🤖 AI Summary
Matroid Secretary Problem (MSP) is a fundamental online optimal stopping problem, aiming to select the maximum-weight basis elements with constant probability competitive ratio (α-probability competitiveness) under random-order arrival. This paper establishes the first systematic connection between matroid structure and probabilistic competitiveness, introducing a novel framework based on labeled modeling and Poisson point process analysis that recasts greedy strategy analysis as a word-distribution problem. We precisely determine the optimal probability competitive ratio for laminar matroids as $1 - ln 2 approx 0.3068$—the first exact characterization for any nontrivial matroid class. For graphic matroids and general matroids, we achieve the current best lower bounds of $0.2693$ and $0.2504$, respectively. Our results resolve the long-standing open question on the existence of a constant probability competitive ratio for MSP and provide a broadly applicable analytical paradigm.
📝 Abstract
The Matroid Secretary Problem (MSP) is one of the most prominent settings for online resource allocation and optimal stopping.

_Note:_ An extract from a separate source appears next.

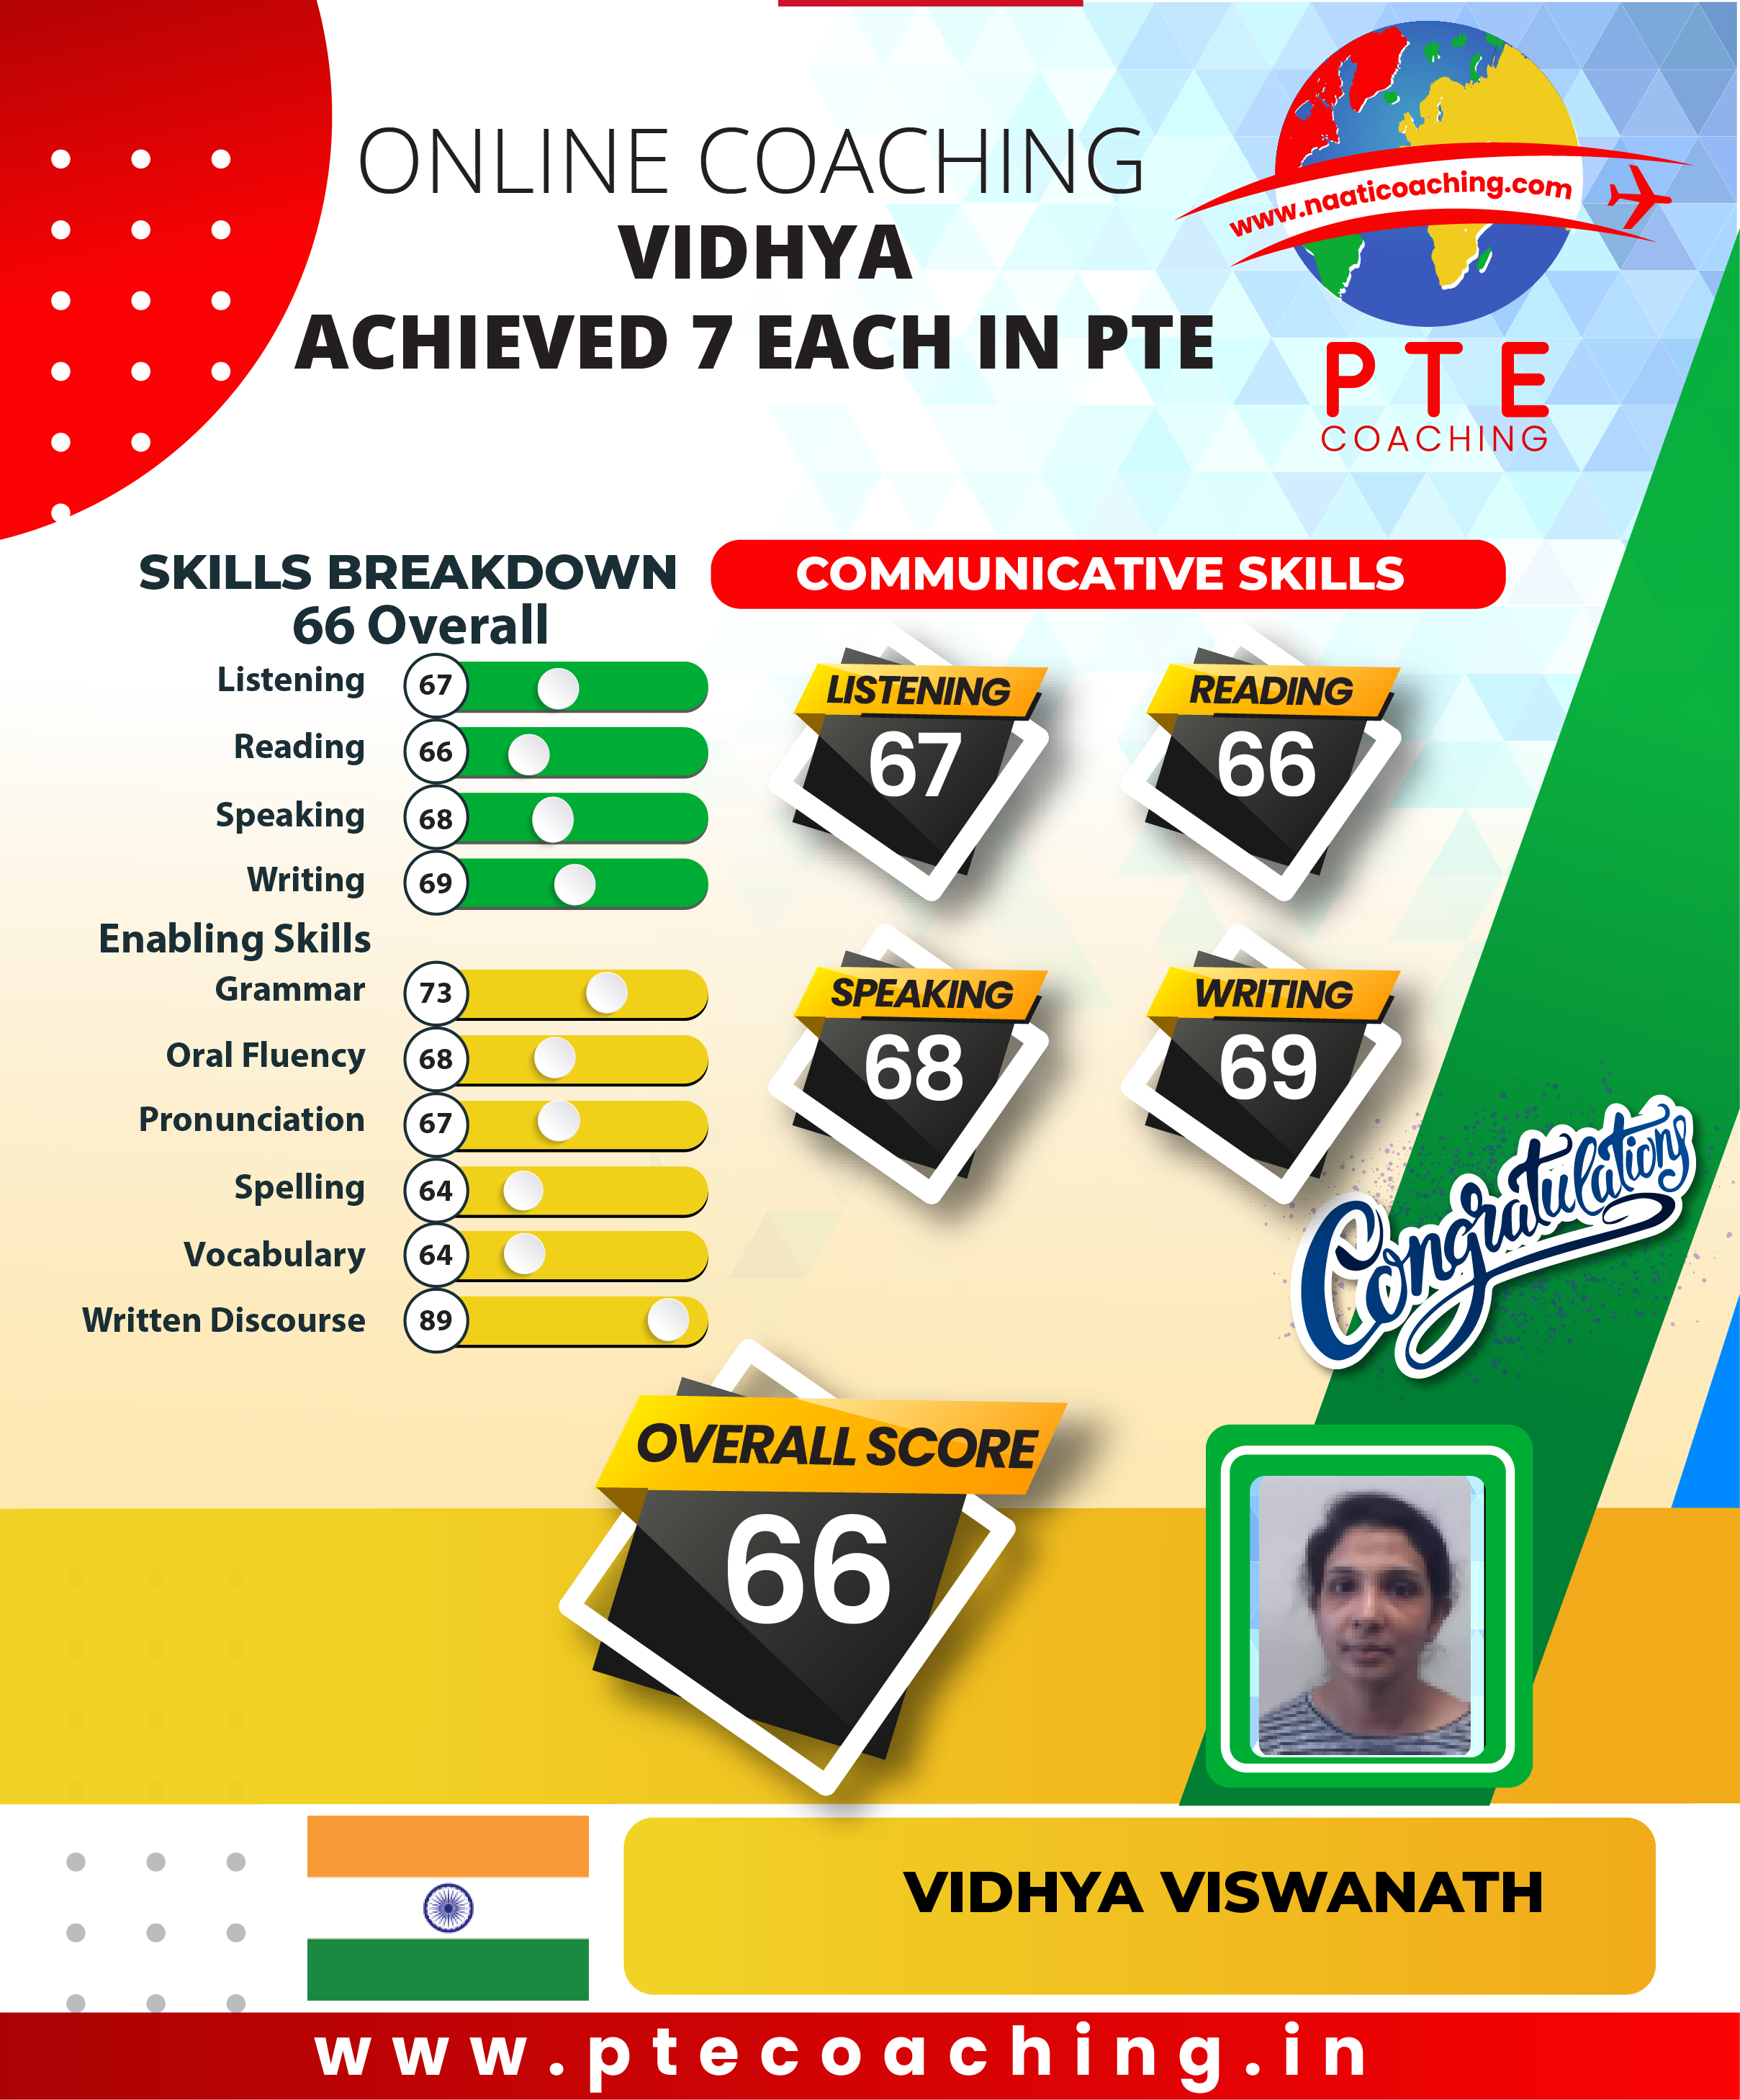 PTE Coaching Scorecard - Vidhya achieved 7 each in PTE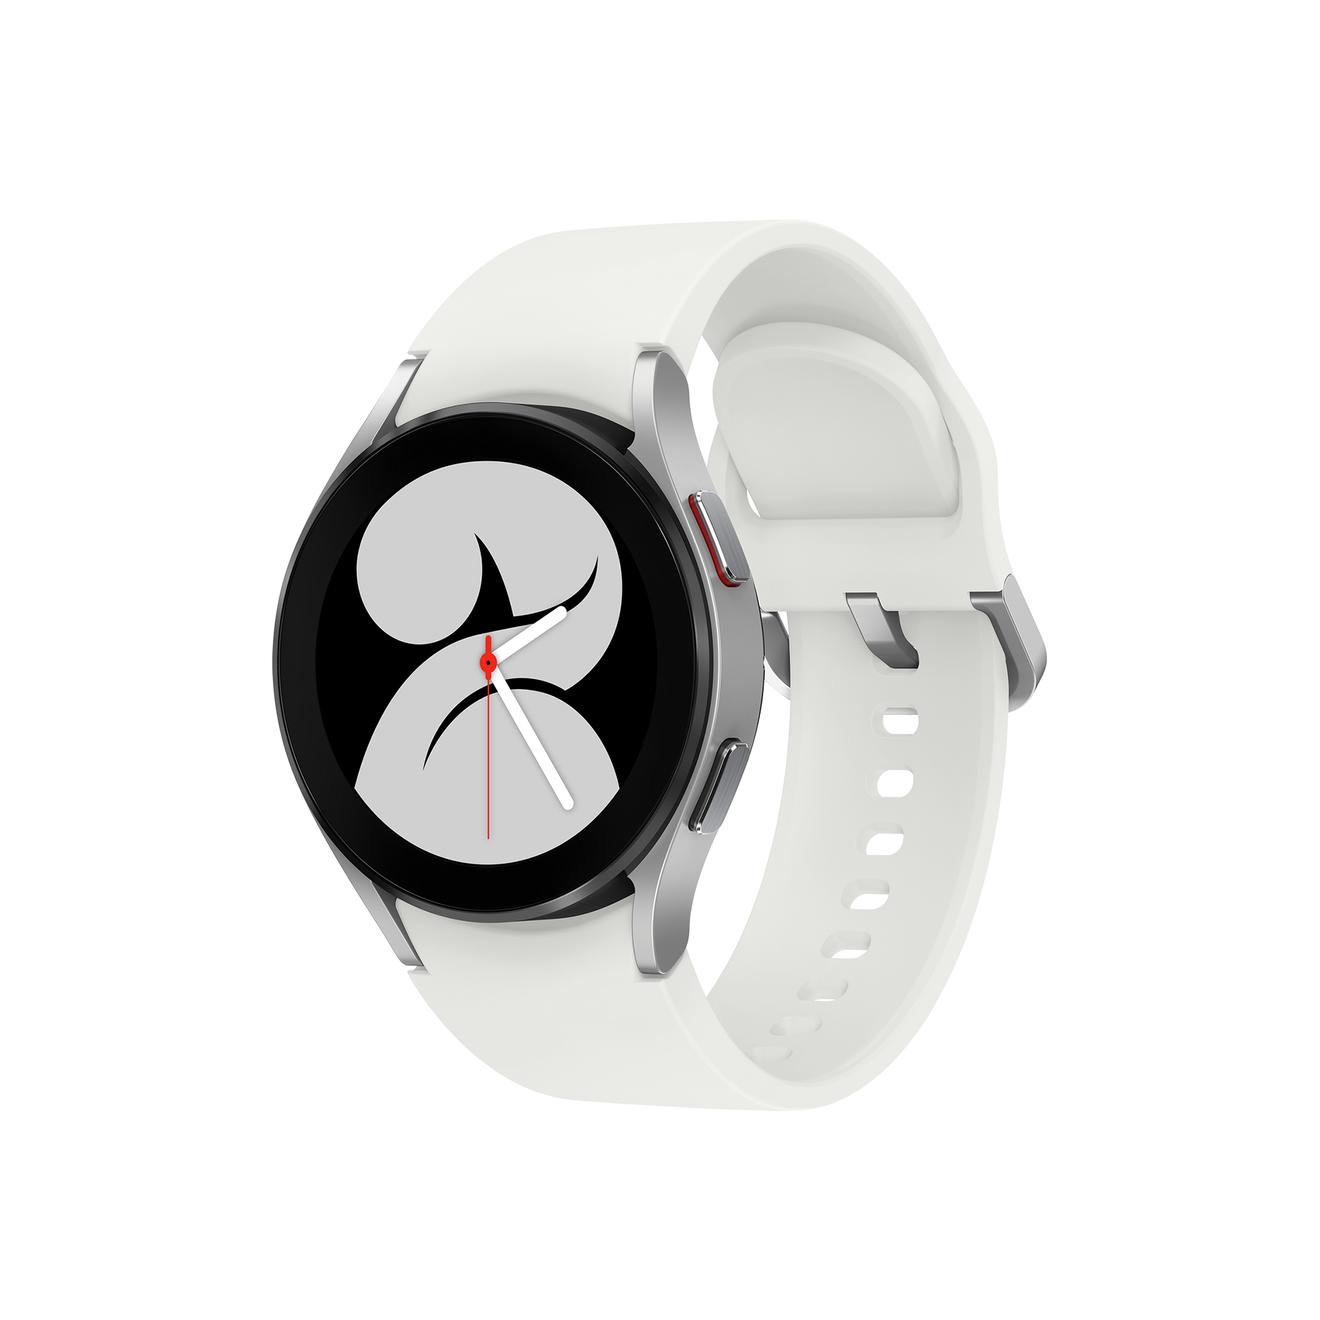 Offerta per Samsung - Galaxy Watch4 40mm Smartwatch Ghiera Touch Alluminio Memoria 16gb Silver a 129€ in Euronics

A decision-maker is presented with a ground set of elements $E$ revealed sequentially and in random order. Upon arrival, an irrevocable decision is made in a take-it-or-leave-it fashion, subject to a feasibility constraint on the set of selected elements captured by a matroid defined over $E$. The decision-maker only has ordinal access to compare the elements, and the goal is to design an algorithm that selects every element of the optimal basis with probability at least $alpha$ (i.e., $alpha$-probability-competitive). While the existence of a constant probability-competitive algorithm for MSP remains a major open question, simple greedy policies are at the core of state-of-the-art algorithms for several matroid classes. We introduce a flexible and general algorithmic framework to analyze greedy-like algorithms for MSP based on constructing a language associated with the matroid. Using this language, we establish a lower bound on the probability-competitiveness of the algorithm by studying a corresponding Poisson point process that governs the words' distribution in the language. Using our framework, we break the state-of-the-art guarantee for laminar matroids by settling the probability-competitiveness of the greedy-improving algorithm to be exactly $1-ln(2) approx 0.3068$. We also showcase the capabilities of our framework in graphic matroids, to show a probability-competitiveness of $0.2693$ for simple graphs and $0.2504$ for general graphs.